US 11,676,685 B2
Artificial intelligence-based quality scoring
Kishore Jaganathan, San Francisco, CA (US); John Randall Gobbel, Brisbane, CA (US); and Amirali Kia, San Mateo, CA (US)
Assigned to Illumina, Inc., San Diego, CA (US)
Filed by Illumina, Inc., San Diego, CA (US)
Filed on Mar. 20, 2020, as Appl. No. 16/826,134.
Claims priority of provisional application 62/821,602, filed on Mar. 21, 2019.
Claims priority of provisional application 62/821,618, filed on Mar. 21, 2019.
Claims priority of provisional application 62/821,681, filed on Mar. 21, 2019.
Claims priority of provisional application 62/821,724, filed on Mar. 21, 2019.

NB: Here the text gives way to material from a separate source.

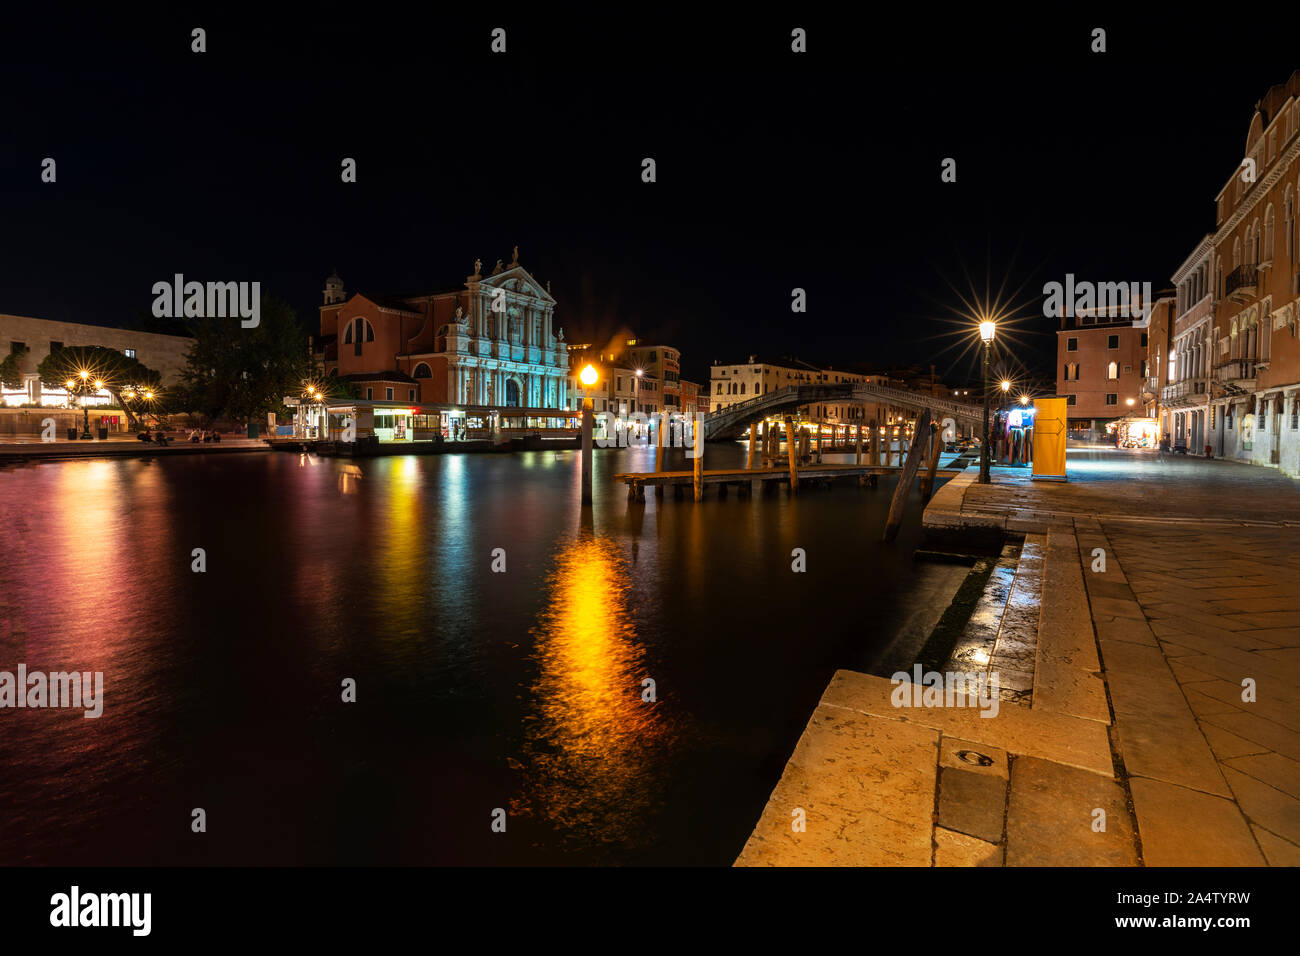 Canal Grande di notte, è una delle principali attrazioni turistiche di Venezia ed è luogo famoso in Europa.Venezia Italia. Foto Stock

Claims priority of provisional application 62/821,766, filed on Mar. 21, 2019.
Claims priority of application No. 2023310 (NL), filed on Jun. 14, 2019; application No. 2023311 (NL), filed on Jun. 14, 2019; application No. 2023312 (NL), filed on Jun. 14, 2019; and application No. 2023314 (NL), filed on Jun. 14, 2019.
Prior Publication US 2020/0327377 A1, Oct. 15, 2020
Int. Cl. G06K 9/00 (2022.01); G16B 40/20 (2019.01); G06N 3/08 (2023.01); G16B 40/00 (2019.01); G06N 3/04 (2023.01); G06F 16/907 (2019.01); G06N 3/084 (2023.01); G06V 10/82 (2022.01); G06F 18/23 (2023.01); G06F 18/24 (2023.01); G06F 18/213 (2023.01); G06F 18/214 (2023.01); G06F 18/21 (2023.01); G06F 18/2415 (2023.01); G06F 18/2431 (2023.01); G06F 18/23211 (2023.01); G06N 7/01 (2023.01); G06V 10/762 (2022.01); G06V 10/764 (2022.01); G06V 10/77 (2022.01); G06V 10/778 (2022.01); G06V 10/44 (2022.01); G06V 10/98 (2022.01); G06N 5/046 (2023.01)
CPC G16B 40/20 (2019.02) [G06F 16/907 (2019.01); G06F 18/213 (2023.01); G06F 18/214 (2023.01); G06F 18/217 (2023.01); G06F 18/23 (2023.01); G06F 18/23211 (2023.01); G06F 18/24 (2023.01); G06F 18/2415 (2023.01); G06F 18/2431 (2023.01); G06N 3/04 (2013.01); G06N 3/08 (2013.01); G06N 3/084 (2013.01); G06N 7/01 (2023.01); G06V 10/454 (2022.01); G06V 10/763 (2022.01); G06V 10/764 (2022.01); G06V 10/7715 (2022.01); G06V 10/7784 (2022.01); G06V 10/82 (2022.01); G06V 10/993 (2022.01); G16B 40/00 (2019.02); G06N 5/046 (2013.01)] 20 Claims
OG exemplary drawing
 
1. A computer-implemented method of quality scoring for a set of base calls, including:
processing input data for one or more analytes through a neural network-based base caller and producing an alternative representation of the input data;
processing the alternative representation through an output layer to produce an output, wherein the output identifies likelihoods of a base incorporated in a particular one of the analytes being A, C, T, and G;
calling bases for one or more of the analytes based on the output; and
determining quality scores of the called bases based on the likelihoods identified by the output by:
quantizing classification scores of base calls produced by the neural network-based base caller in response to processing training data during training;
selecting a set of quantized classification scores;
for each quantized classification score in the set of quantized classification scores, determining a base calling error rate by comparing predicted base calls for the set of quantized classification scores to corresponding ground truth base calls;
determining a fit between the set of quantized classification scores and corresponding base calling error rates; and
correlating the quality scores to the set of quantized classification scores based on the fit.